Under existing law, employers are required to establish, implement, and maintain an effective written injury prevention program. Effective July 1, 2024, covered employers must adopt a written workplace violence prevention plan that must include:

  1. Names or job titles of the persons responsible for implementing the plan;
  2. Effective procedures to obtain the active involvement of employees in developing and implementing the plan, including, but not limited to, through their participation in identifying, evaluating, and correcting workplace violence hazards, in designing and implementing training, and in reporting and investigating workplace violence incidents;
  3. Methods the employer will use to coordinate implementation of the plan with other employers, when applicable, to ensure that those employers and employees understand their respective roles, as provided in the plan;
  4. Effective procedures for the employer to accept and respond to reports of workplace violence, and to prohibit retaliation against an employee who makes such a report;
  5. Effective procedures to ensure that supervisory and nonsupervisory employees comply with the plan;
  6. Effective procedures to communicate with employees regarding workplace violence matters;
  7. Effective procedures to respond to actual or potential workplace violence emergencies;
  8. Procedures to develop and provide training;
  9. Procedures to identify and evaluate workplace violence hazards;
  10. Procedures to correct workplace violence hazards identified and evaluated in a timely manner;
  11. Procedures for post-incident response and investigation;
  12. Procedures to review the effectiveness of the plan and revise the plan as needed; and
  13. Procedures or other information required as being necessary and appropriate to protect the health and safety of employees.

Additionally, the new law requires employers to maintain a log of workplace violence incidents and provide workplace violence training to all employees.

SB 365 – Arbitration

Existing law allows a party to immediately appeal an order denying a motion to compel arbitration. However, effective January 1, 2024, the appellant is not entitled to an automatic stay of the proceedings in the trial court pending the outcome of such an appeal. The practical effect of this new law is that an employer could be forced to defend a case in court that an appellate court ultimately determines should be litigated in private arbitration. This will likely increase defense costs as the employer is forced to litigate the case in two forums.

Earlier this year, the United States Supreme Court held in Coinbase, Inc. v. Bielski that the Federal Arbitration Act (“FAA”) requires a district court to stay its proceedings while a party pursues an interlocutory appeal of an order denying a petition to compel arbitration that invokes the FAA. SB 365 appears to conflict with the Coinbase decision.
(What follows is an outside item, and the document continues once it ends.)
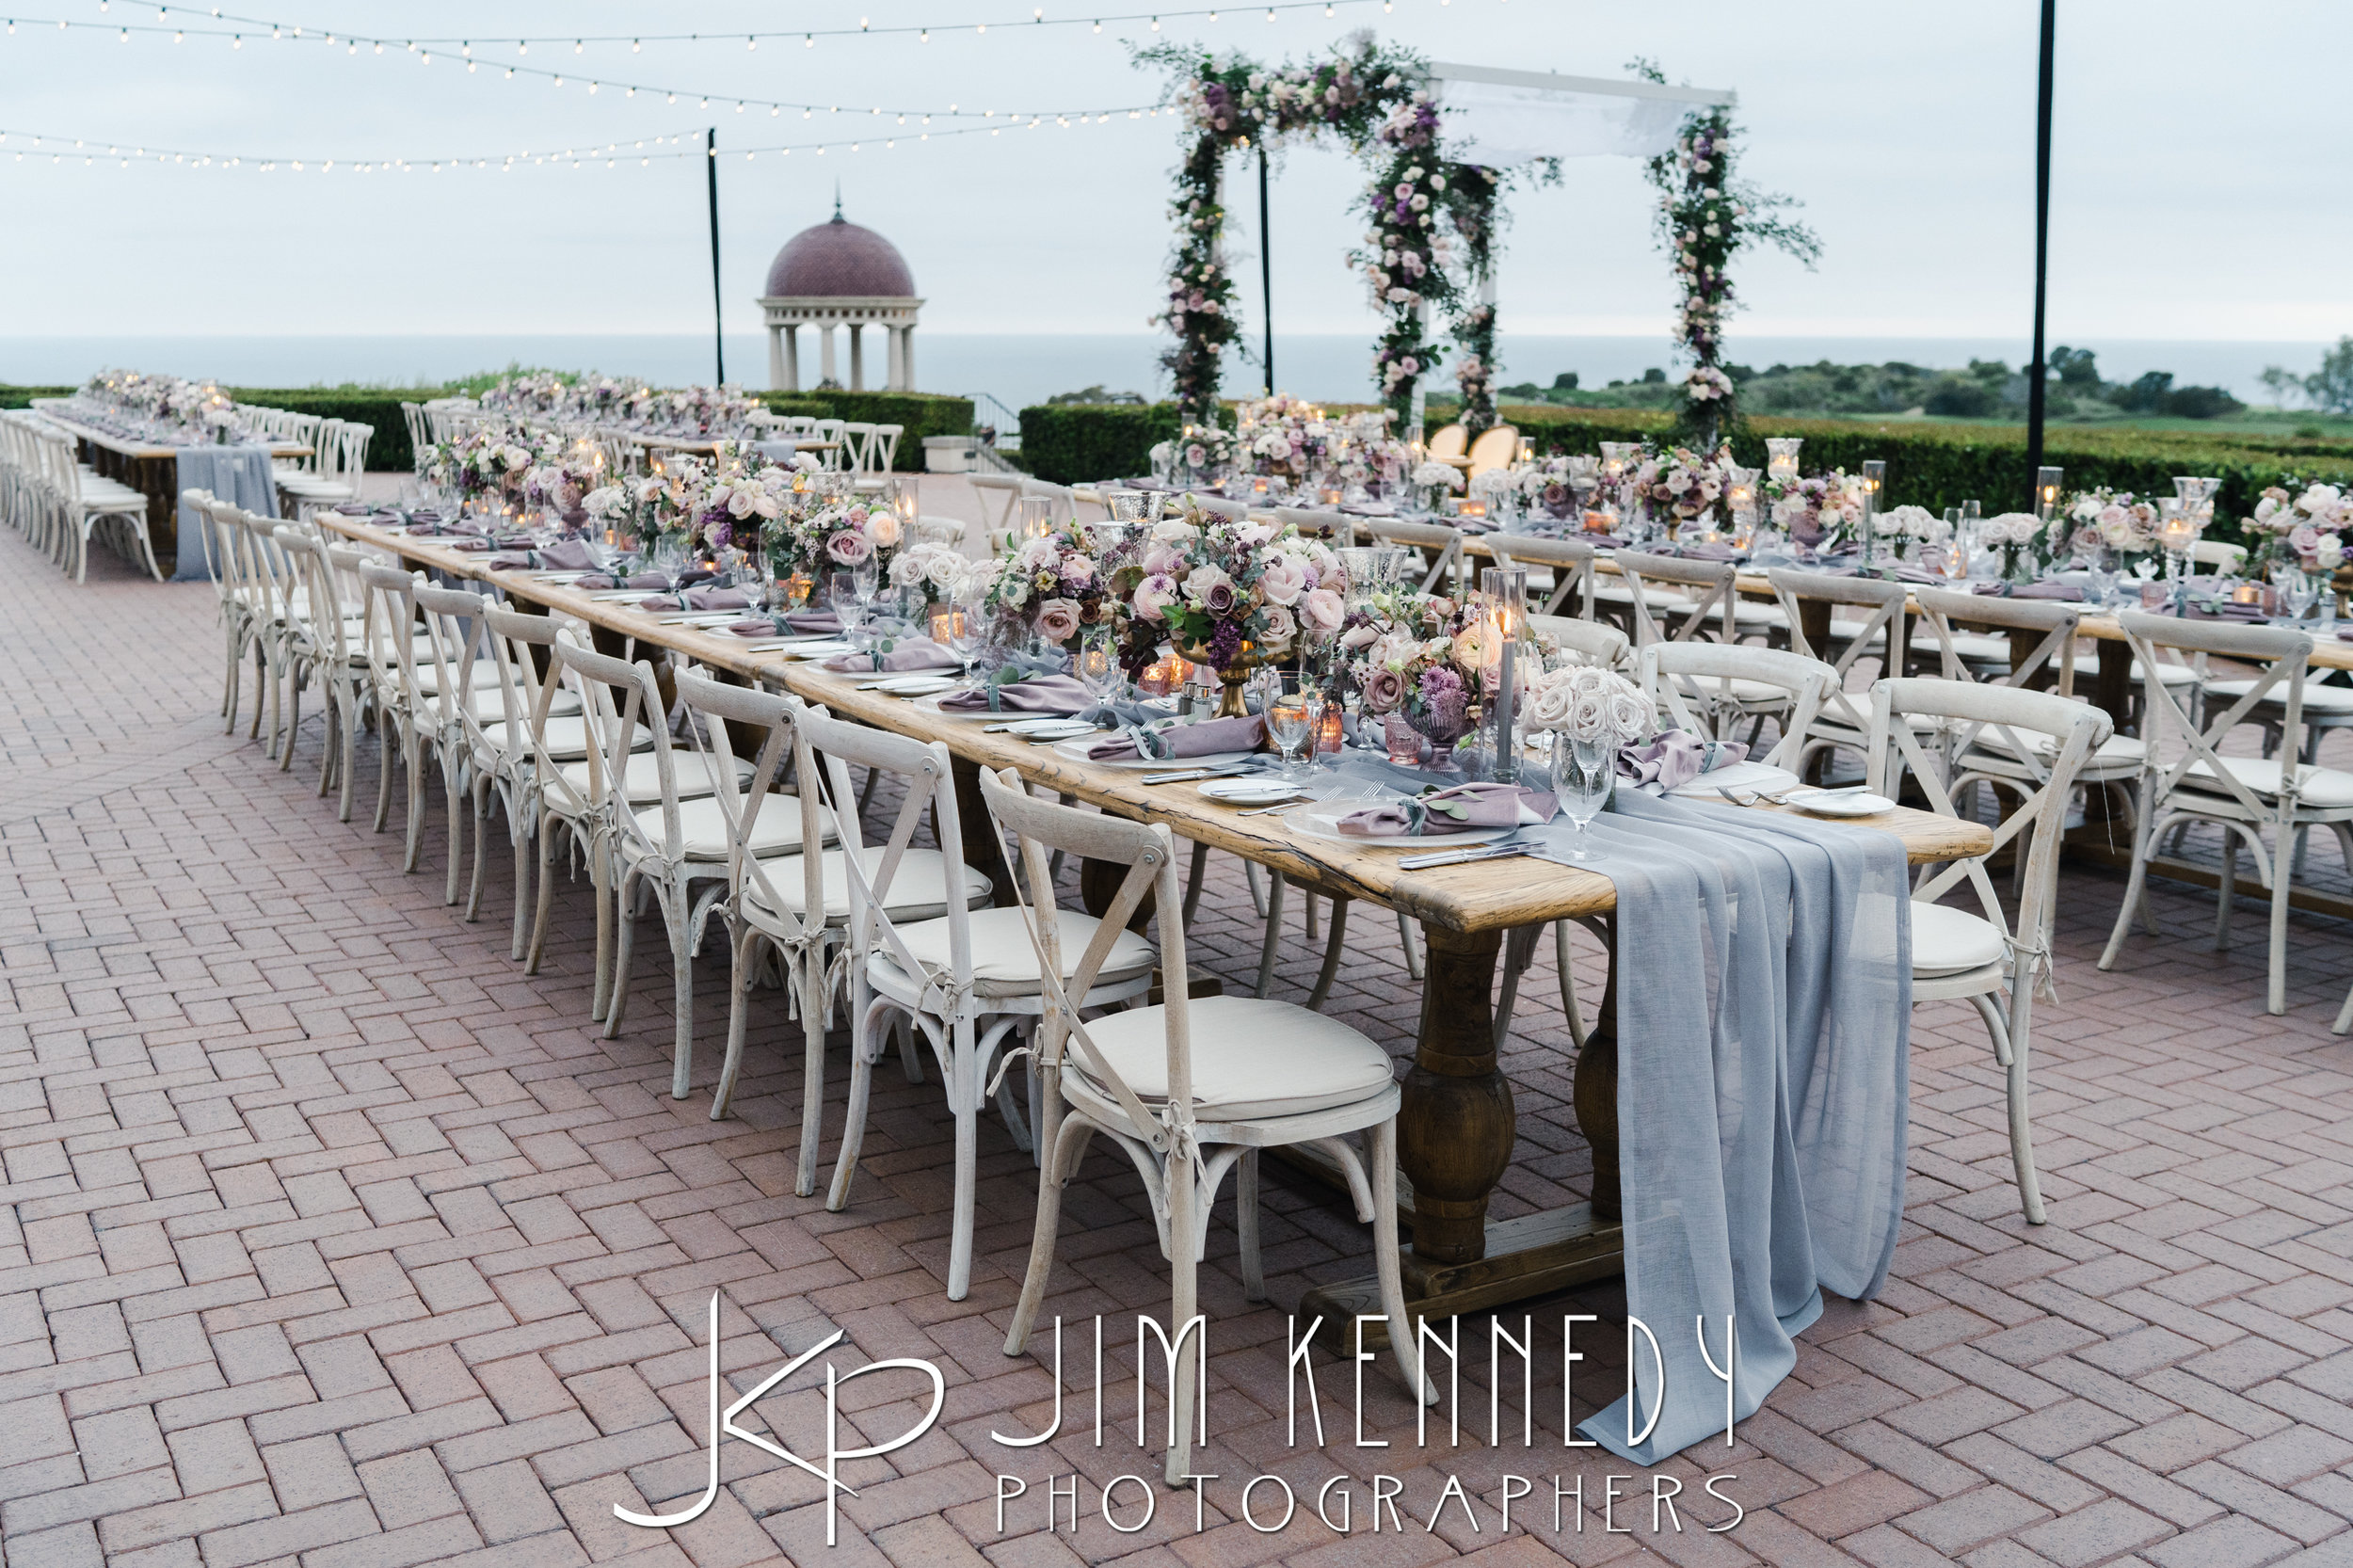 pelican-hill-wedding-jim-kenedy-photographers_0203.JPG

Thus, it is likely that there will be future legal challenges to this new California law.

AB 1076 and SB 699 – Noncompete Agreements

Current law generally provides that noncompete agreements in employment relationships are void except in very narrow circumstances that are defined by statute. AB 1076 takes this law a step further by making it unlawful to include a noncompete clause in an employment agreement or to require an employee to enter a noncompete agreement that does not fall within a statutory exception. Additionally, the law requires employers to notify, in writing, by February 14, 2024, current and former employees who were employed after January 1, 2022 and whose contracts include a noncompete clause, or who were required to enter a noncompete agreement, that does not fall within a statutory exception. The notification must advise the current and former employees that the noncompete clause or agreement is void.

Further, SB 699 provides that void noncompete agreements are unenforceable regardless of when or where they were signed. Thus, an employer is precluded from enforcing a void noncompete agreement even if it is with an employee or applicant who is located and/or signed the agreement outside of California. The new law allows employees or prospective employees to sue their employers or perspective employers for injunctive relief and actual damages for violating this law.

Conclusion

We will continue to monitor these new laws and any future legal challenges that are made to them.